Dataset content:
******

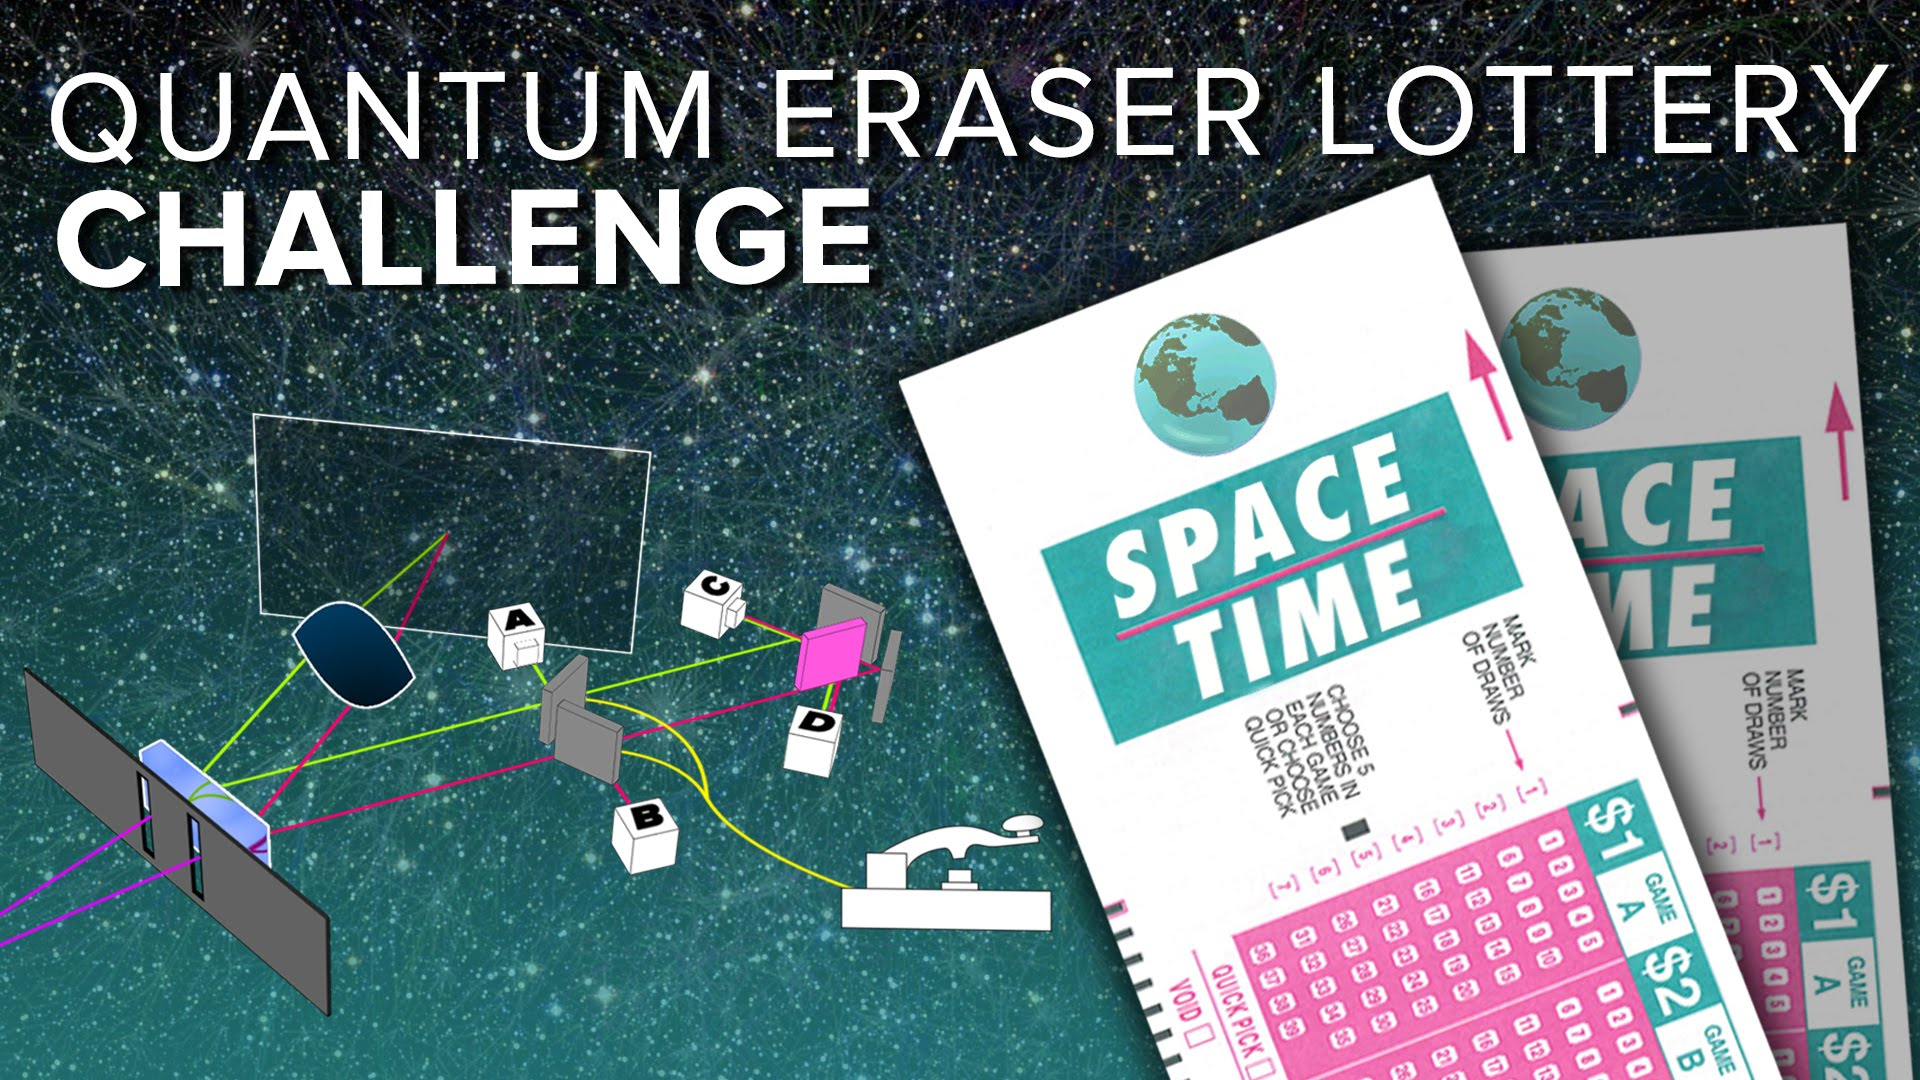 Quantum Eraser Lottery Challenge
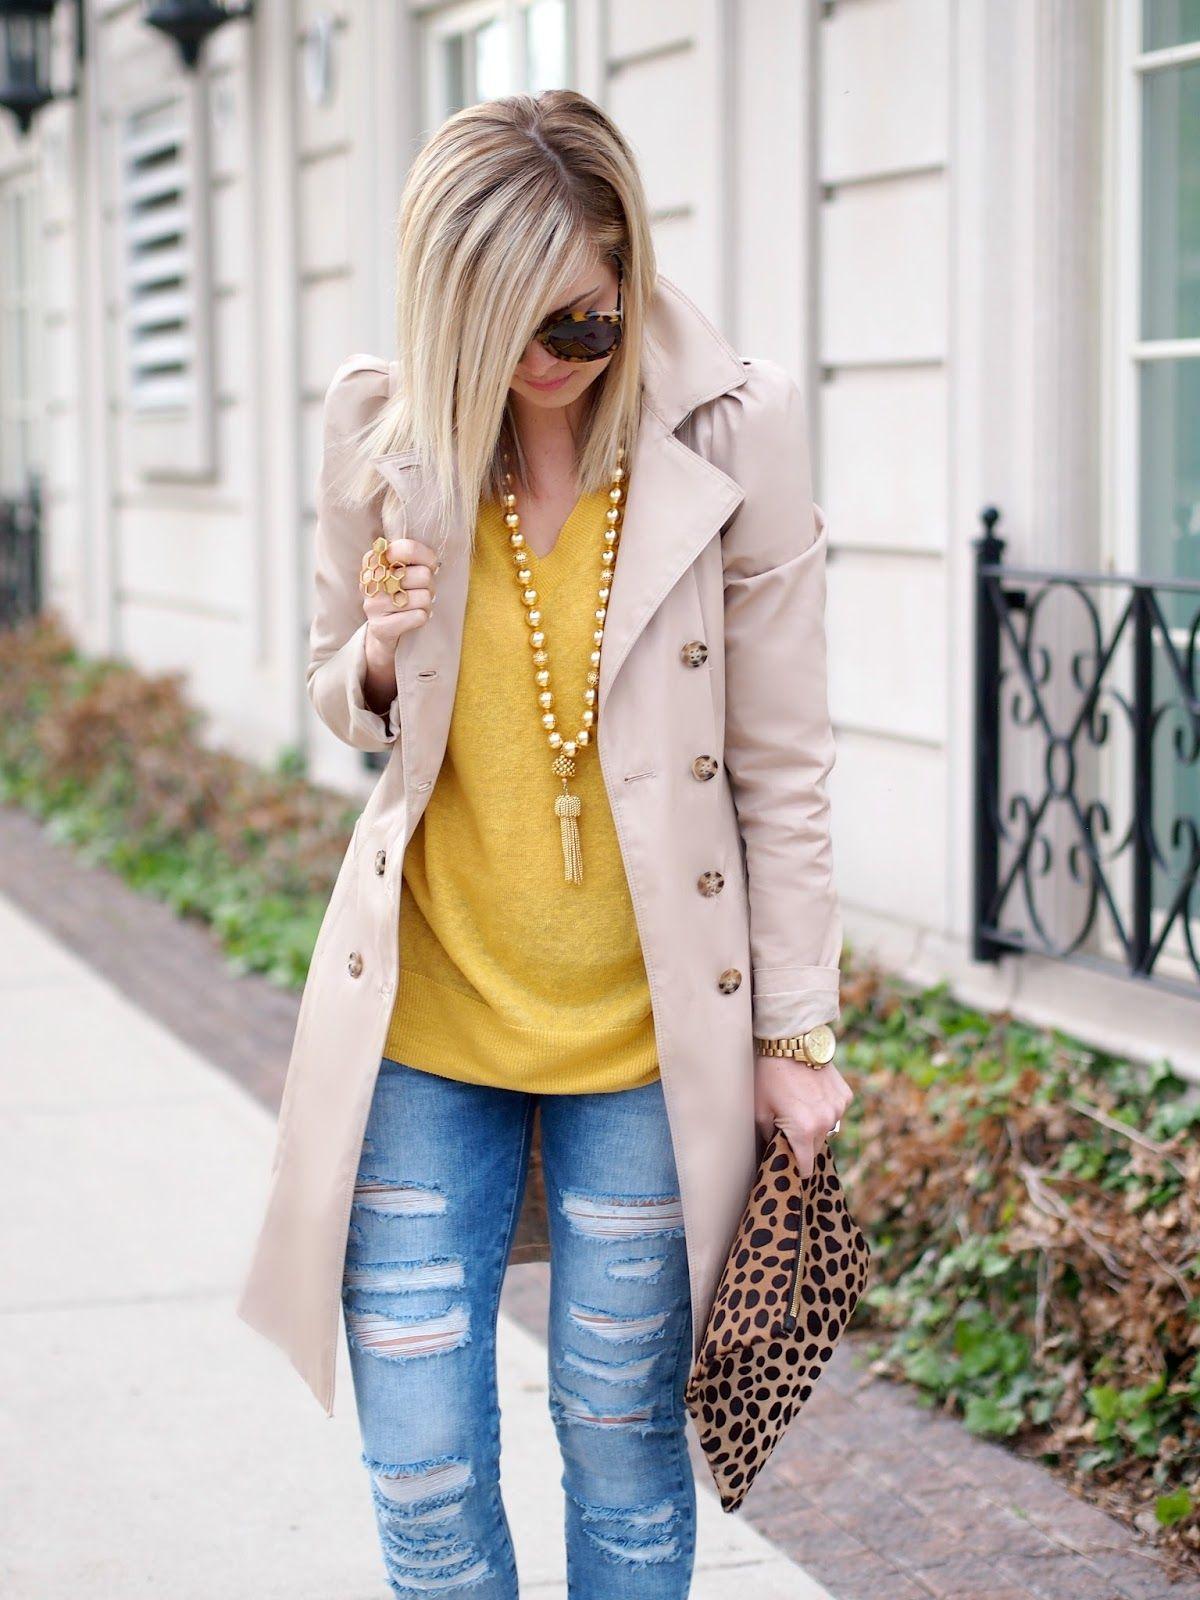 Mellow Yellow Jacket: Zara {old,similar} | Sweater: c/oJoe Fresh| Necklace: c/oLisi Lerch| Jeans: Zara {similar} | Shoes: Nine West Canada {old,similar}| Clutch:Clare Vivier| Sunglasses:Karen Walker| Ring: c/oShahla Karimi| Watch:Michael Kors
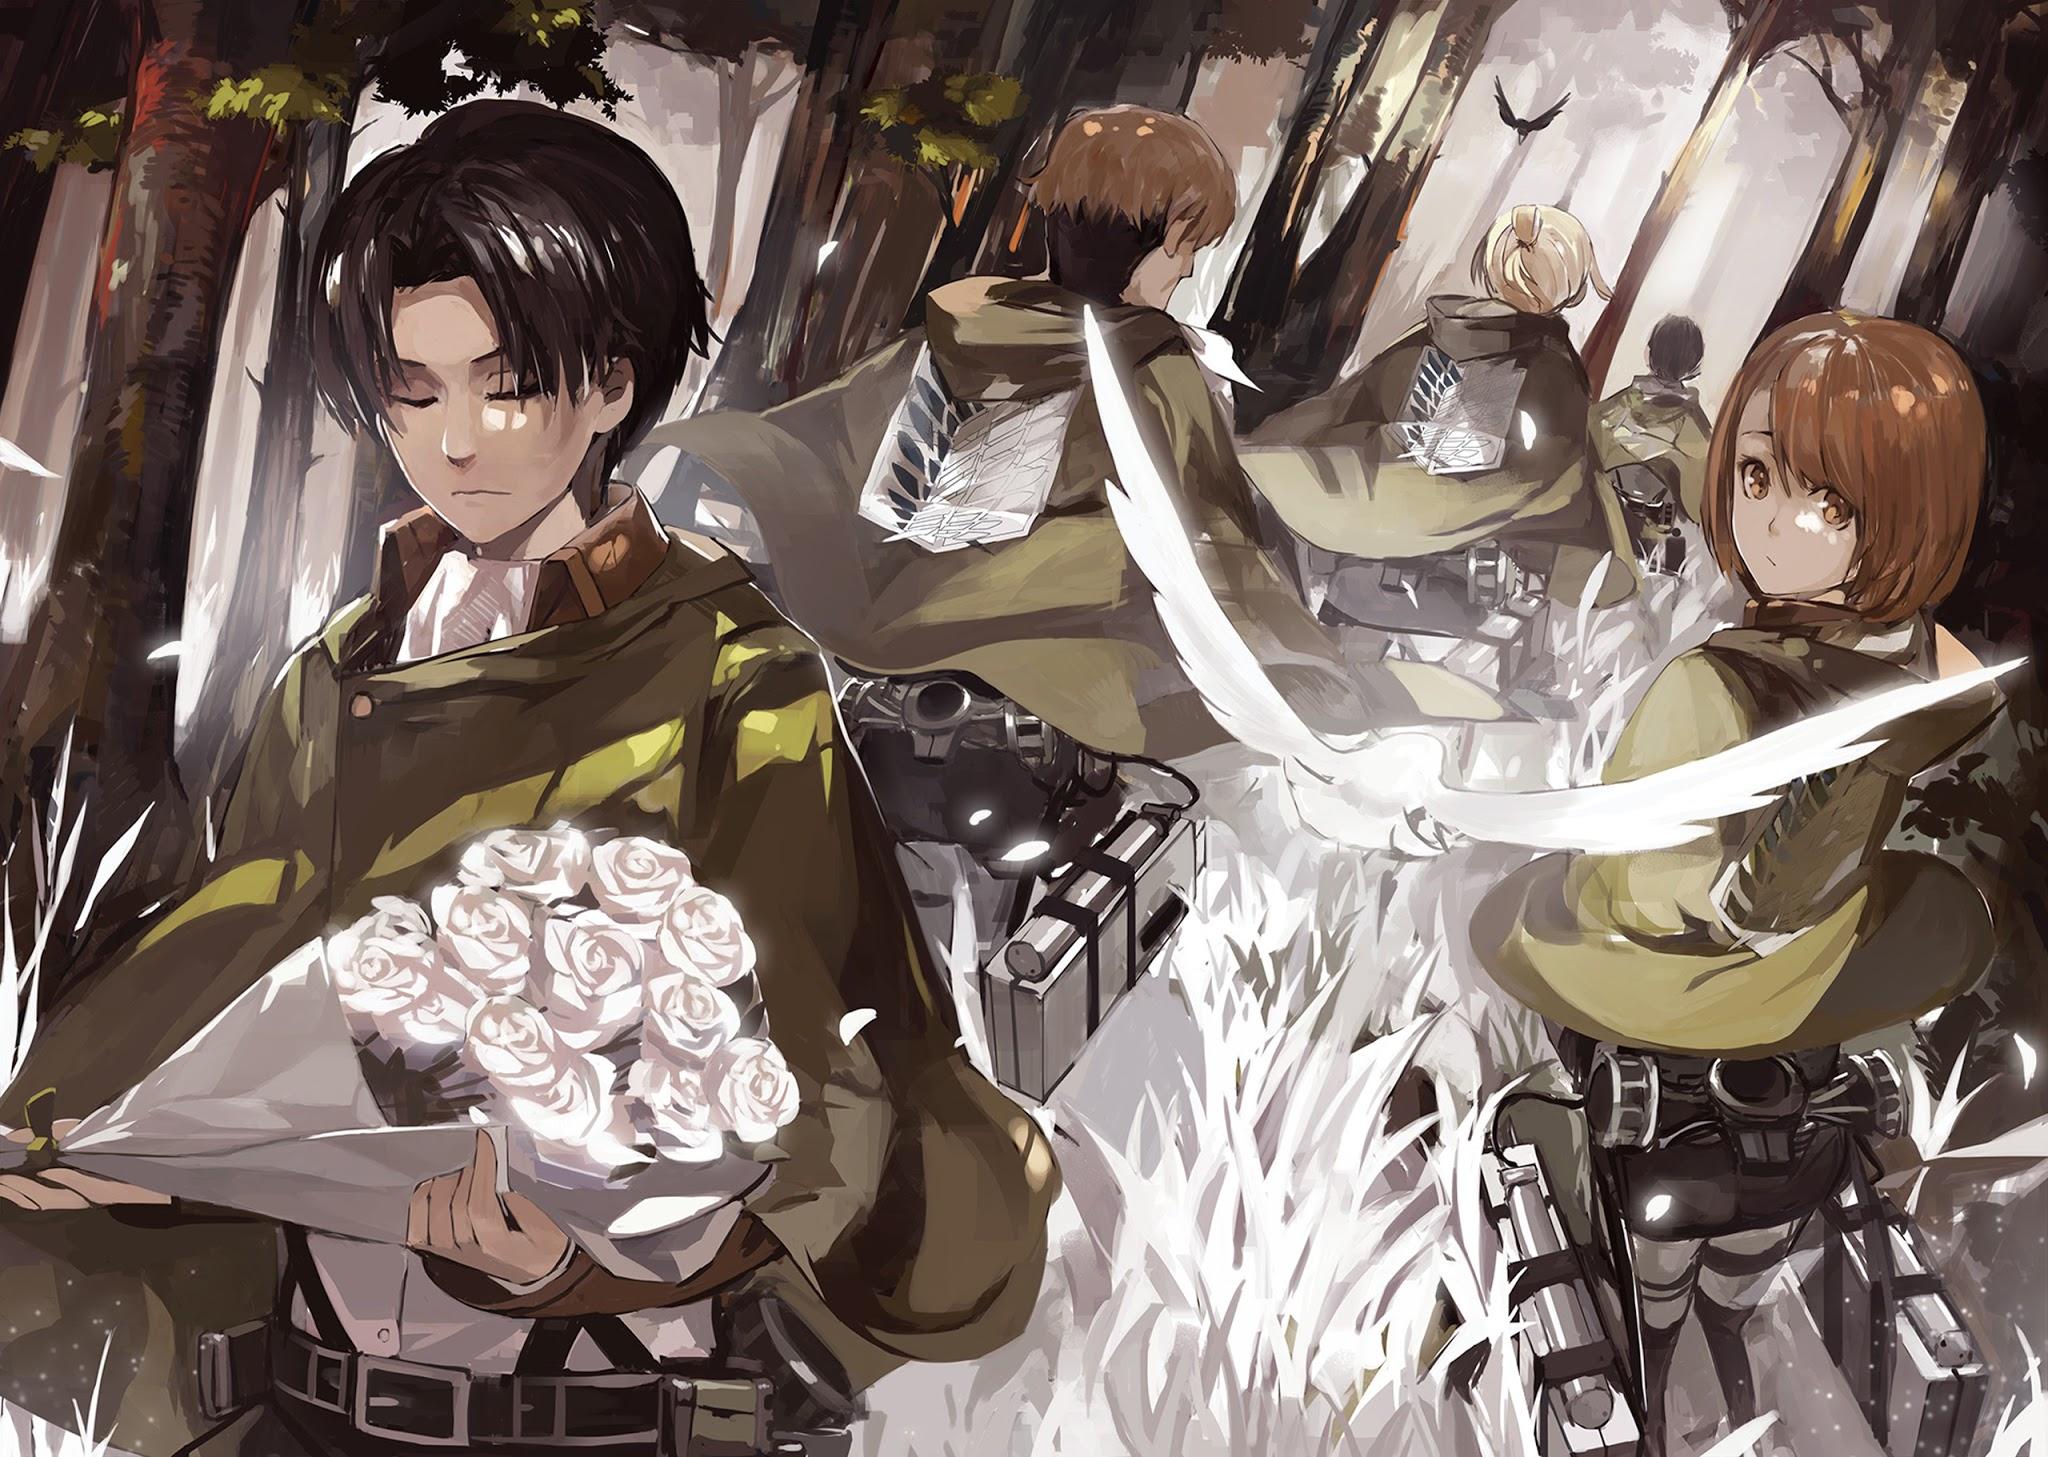 Scouting legion shingeki no kyojin attack on titan animal bird cape

******

About this exercise:
Print the listing exactly, pictures excluded.

Answer area:
 Quantum Eraser Lottery Challenge
 Mellow Yellow Jacket: Zara {old,similar} | Sweater: c/oJoe Fresh| Necklace: c/oLisi Lerch| Jeans: Zara {similar} | Shoes: Nine West Canada {old,similar}| Clutch:Clare Vivier| Sunglasses:Karen Walker| Ring: c/oShahla Karimi| Watch:Michael Kors
 Scouting legion shingeki no kyojin attack on titan animal bird cape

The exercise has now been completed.